With the rise of the Syrian Democratic Forces as representatives of the Kurds in northeastern Syria, Syrian national army supported by Turkey, and Hay’at Tahrir al-Sham (previously affiliated with al-Qaida) in northwestern Syria, the prospects for a unified democratic political movement against the regime have become increasingly dim. All of the involved parties are now engaging in competitive victimhood dynamics against other groups, with continuing violence overriding any hope of peaceful political transition or the emergence of a new form of shared Syrian national identity. As the situation becomes increasingly incoherent, the psychological imperative for ontological security through rigid self/Other demarcations will only become stronger.

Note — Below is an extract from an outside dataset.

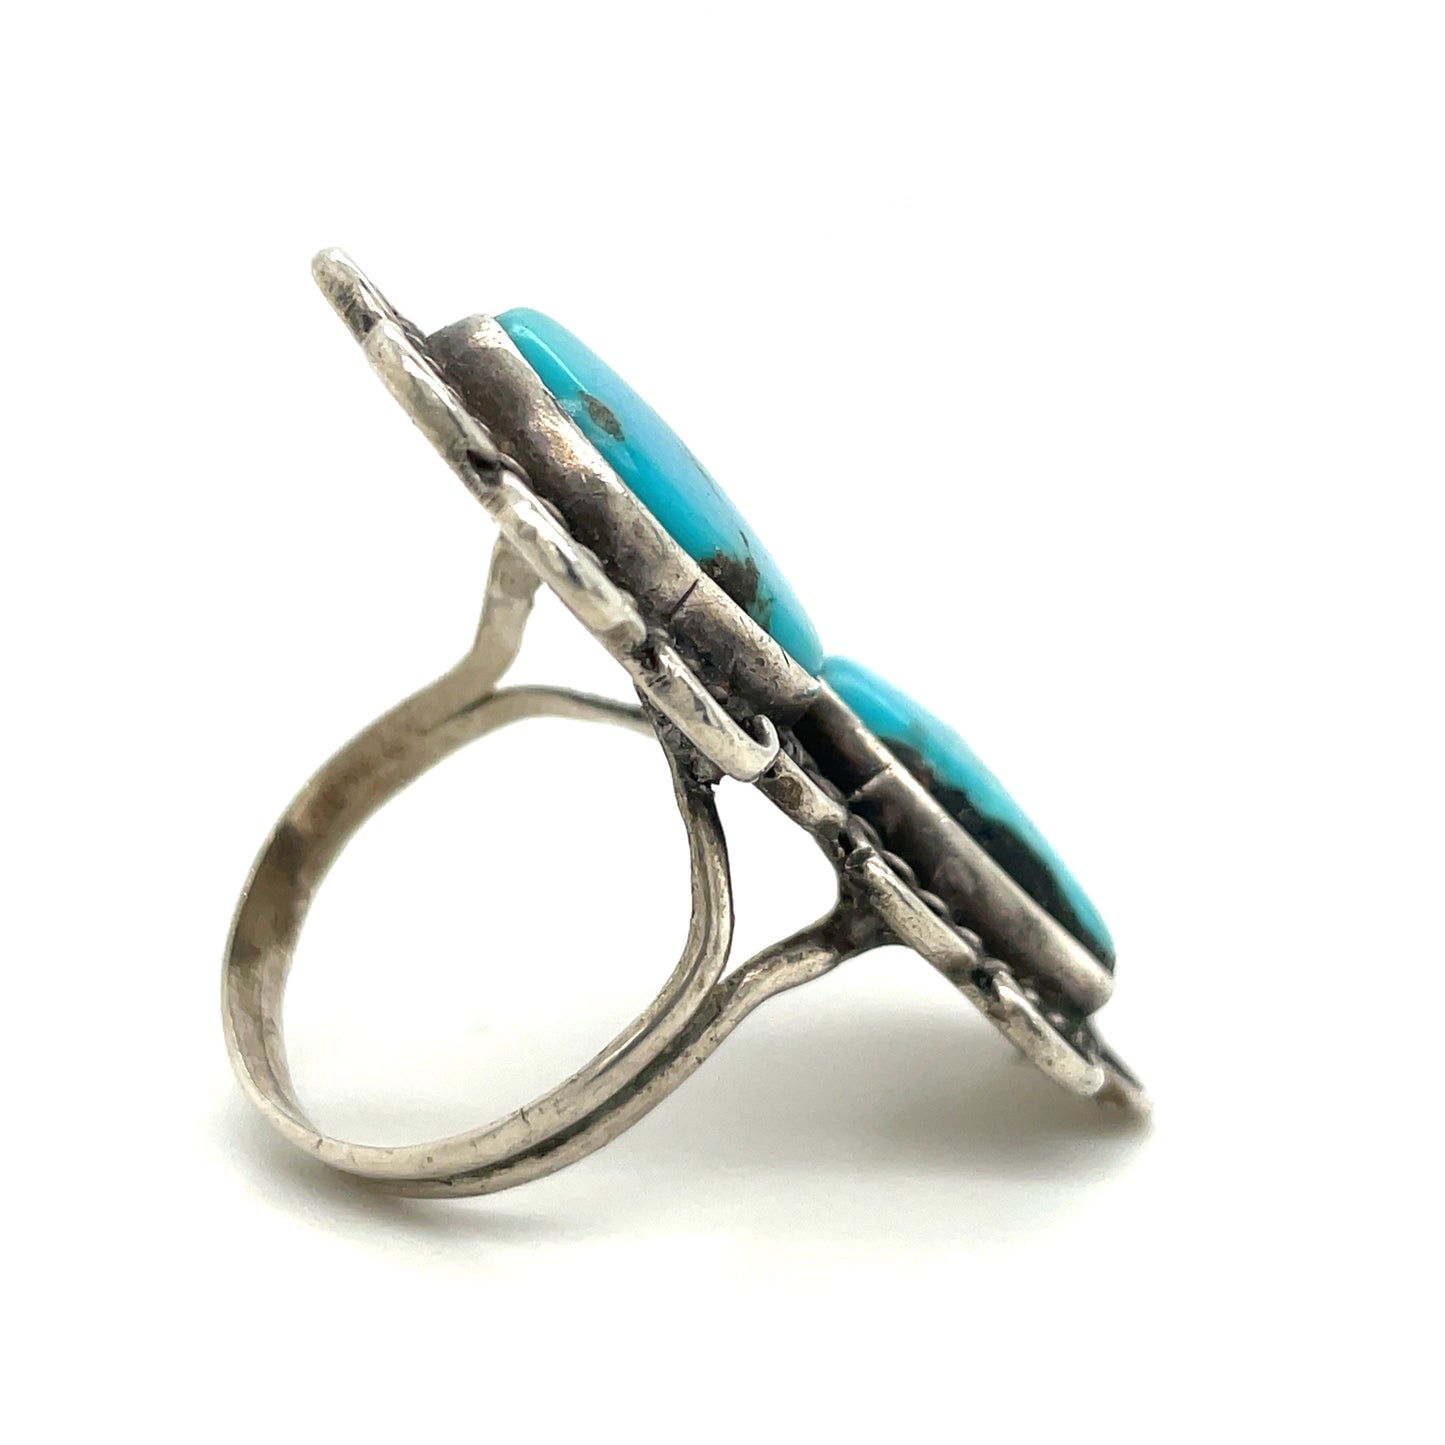 Vintage Southwestern Sterling Silver and Turquoise Ring Size 9.5
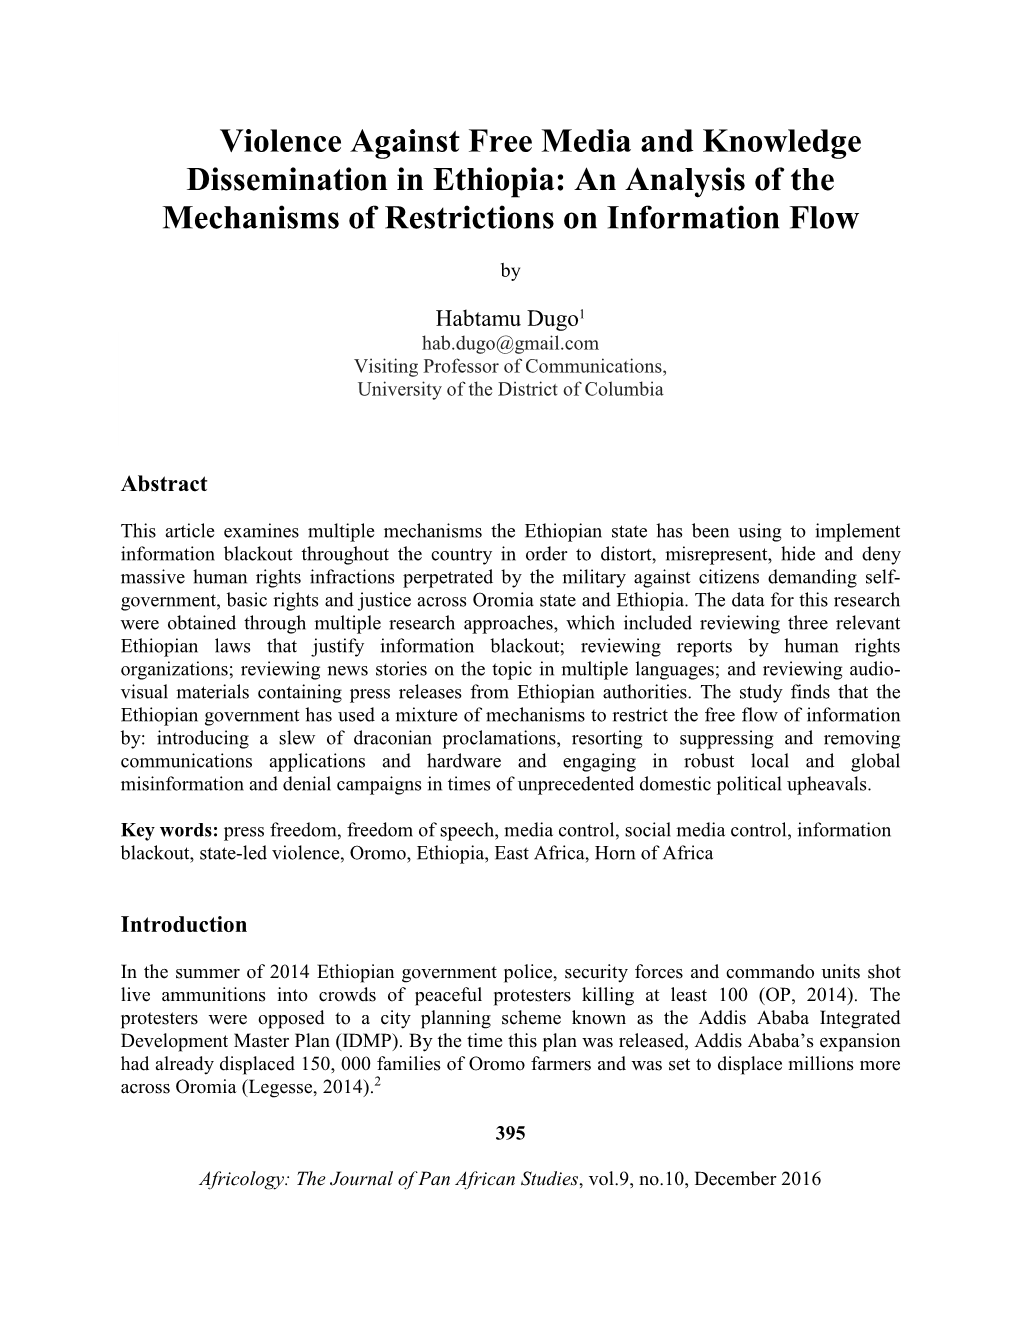 Violence Against Free Media and Knowledge Dissemination in Ethiopia: an Analysis of the Mechanisms of Restrictions on Information Flow

At the time of this writing, the Syrian conflict is far from resolved. The current constitutional committee has been unable to implement UN Resolution 2254 to establish a roadmap for peace talks. Doing so will require that we directly address the polarized social identities that have emerged in Syria and the role of ontological security needs in maintaining the conflict. A few specific recommendations can be made:
- Opposition leaders should be called upon to adopt a more inclusive national rhetoric that goes beyond polarizing sectarian affiliations. Current opposition rhetoric fuels binarism and exclusion, which stands in the path of a democratic and peaceful solution.
- There is a need to establish mediation as a trust-building exercise prior to any peace settlement. Instead of using wajahat (tribal leaders) and sheikhs as part of the formal mediation process, local leaders without strong sectarian affiliations should serve as representatives of Syria’s heterogenous communities.
- Empowering Syrian civil organizations, including feminist groups and youth in diaspora, is vital to help de-sectarianize the conflict. These groups have a strong investment in promoting narratives that prioritize citizenship and pluralism as the basis of national belonging.
- It is vital to neutralize the international manipulation and instrumentalization of different groups in the Syrian conflict, and to promote the agency of ordinary Syrians as a means to end polarization.
To break the cycles of violence and impunity that have destabilized Syrian society throughout the past five decades, there is a need to support a Syrian-led and Syrian-implemented transitional justice process. This will allow Syria to confront its past and to begin the process of building a sustainable peace. To restore the dignity of victims and empower them requires creating strong democratic political structures, restoring the rule of law, and securing a foundation for national reconciliation and compensation initiatives. Syrians need to reclaim their agency and political will from external actors and develop a national narrative that goes beyond politicizing and securitizing identities. Perhaps the voluntary dilution of these identities, which traditionally have been antagonistic and mutually exclusive, is the first step towards transitioning to internal peace.